• _WHAT TO WORK ON_: The line containing "Alternate Image 2", and every line after it to the end of the listing, should be repeated exactly; the pictures should not.

• _DATA BELOW_:

*****

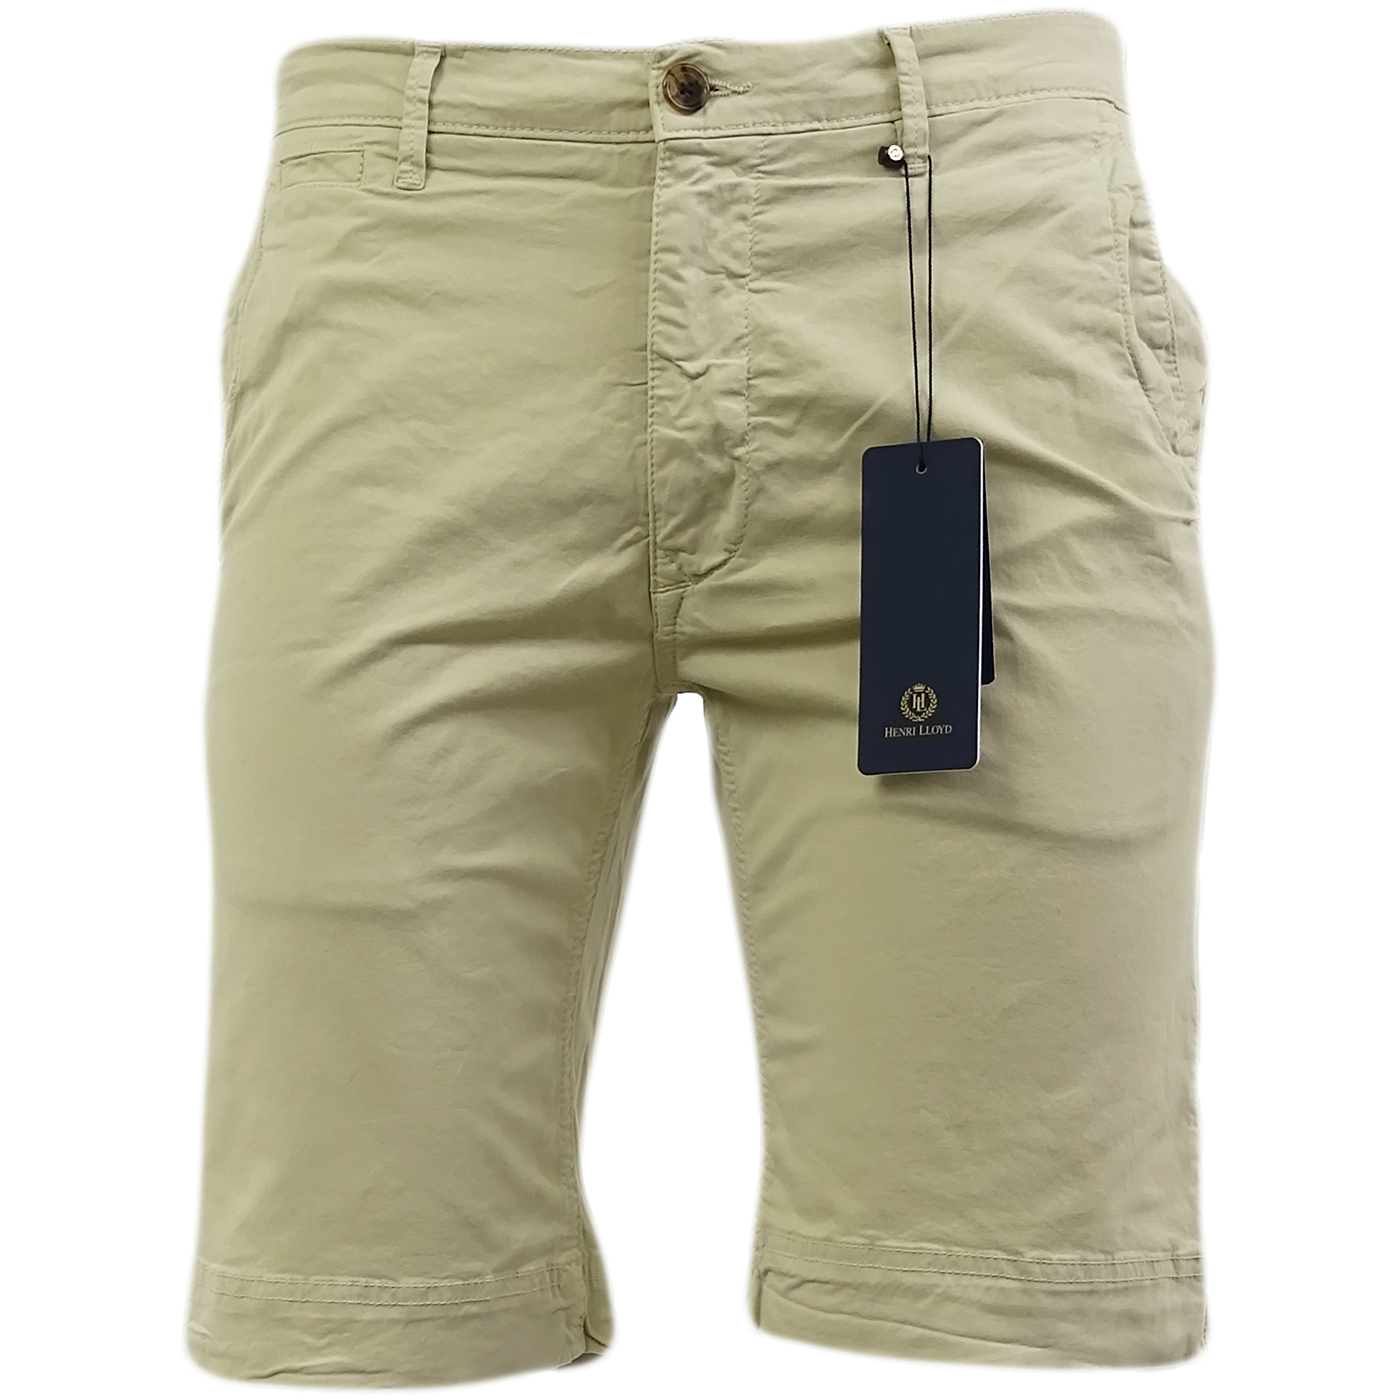 Henri Lloyd Plain Smart Chino Shorts - Garn
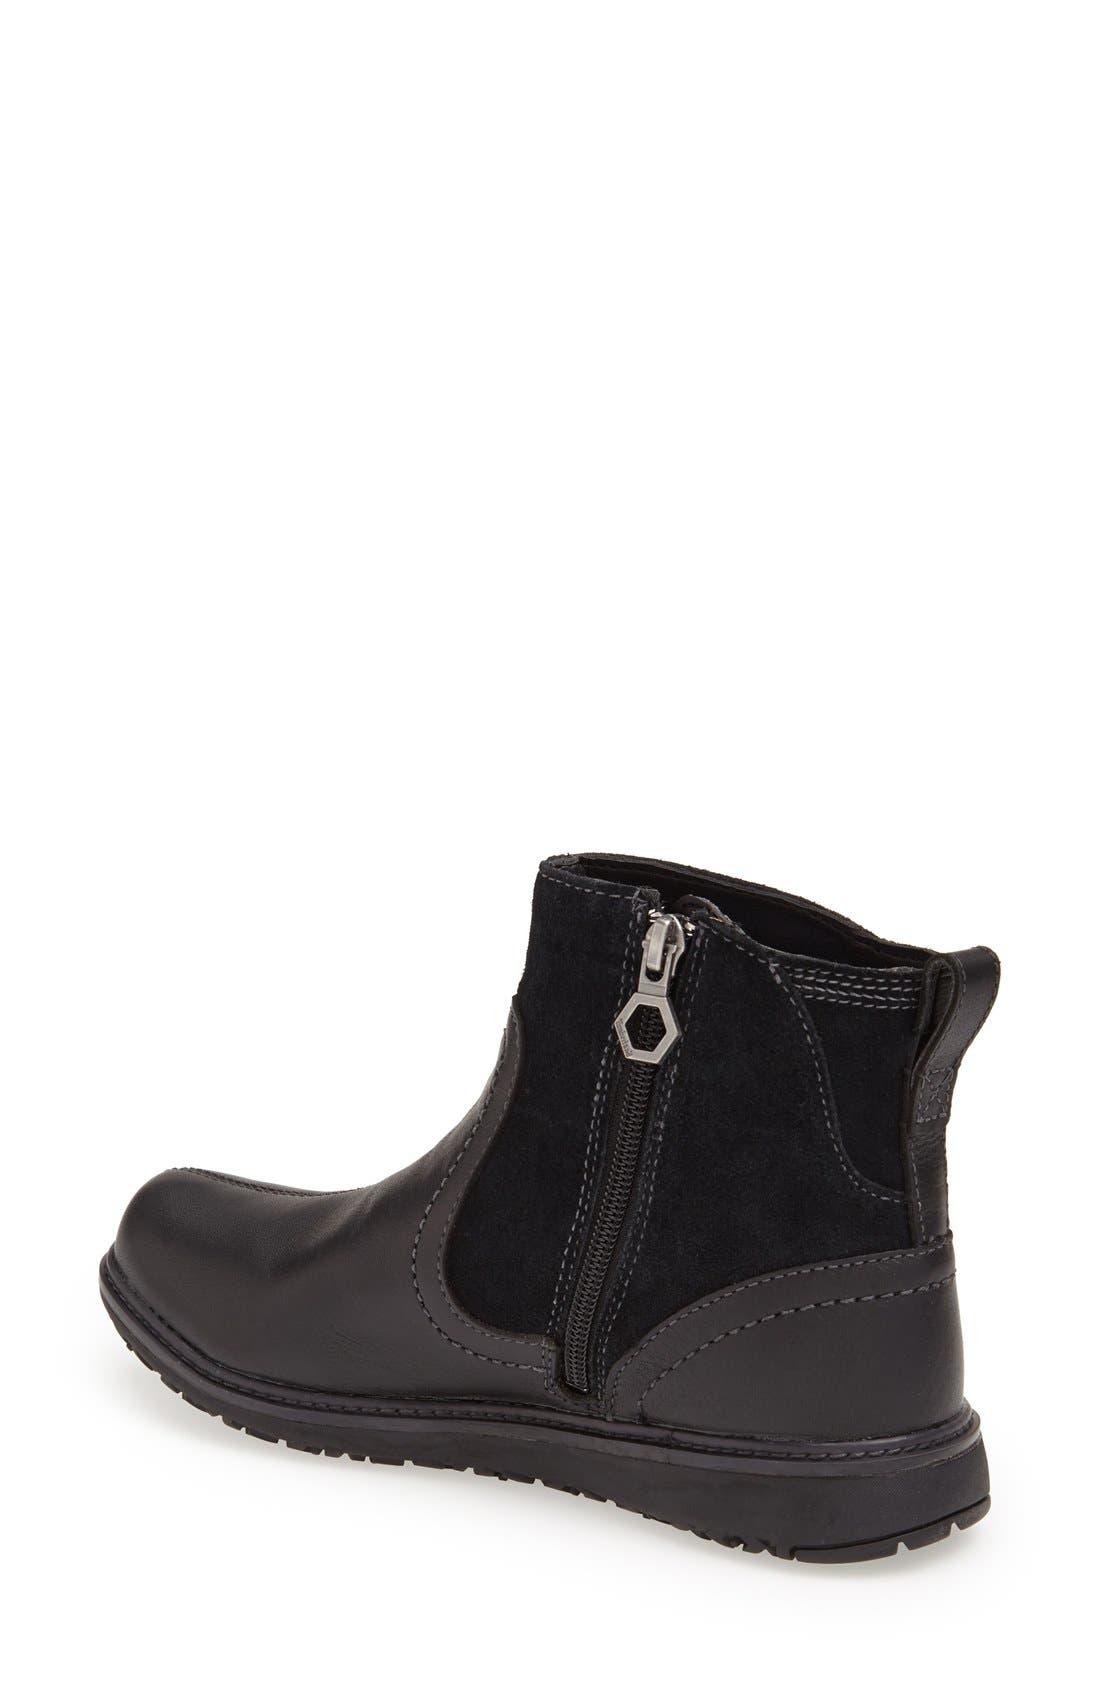 Alternate Image 2  - Timberland Earthkeepers® 'Ashdale' Waterproof Ankle Boot (Women)
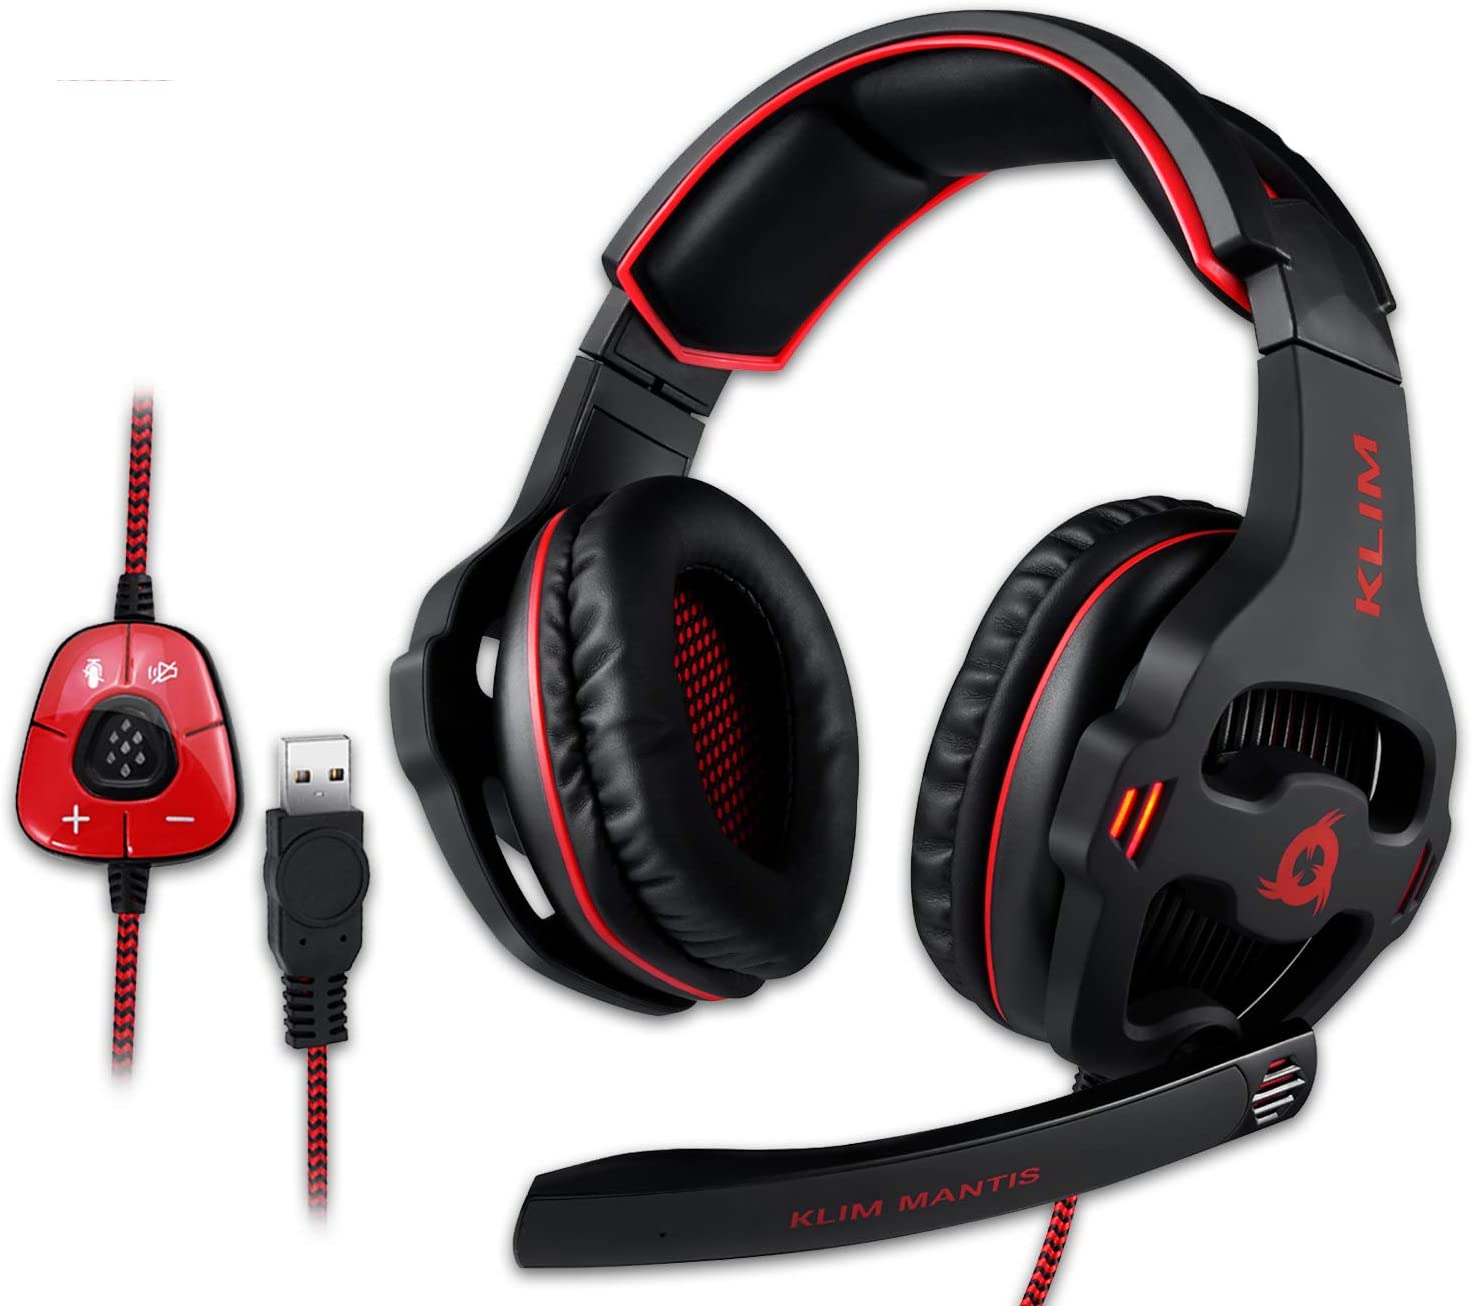 KLIM™ Mantis - Cascos Gaming con micrófono - Auriculares USB para PC, PS4, Nintendo Switch, Mac + Sonido Envolvente 7.1 con cancelación de Ruido pasiva + NUEVOS 2020

*****

• _REPLY_:
 Alternate Image 2  - Timberland Earthkeepers® 'Ashdale' Waterproof Ankle Boot (Women)
 KLIM™ Mantis - Cascos Gaming con micrófono - Auriculares USB para PC, PS4, Nintendo Switch, Mac + Sonido Envolvente 7.1 con cancelación de Ruido pasiva + NUEVOS 2020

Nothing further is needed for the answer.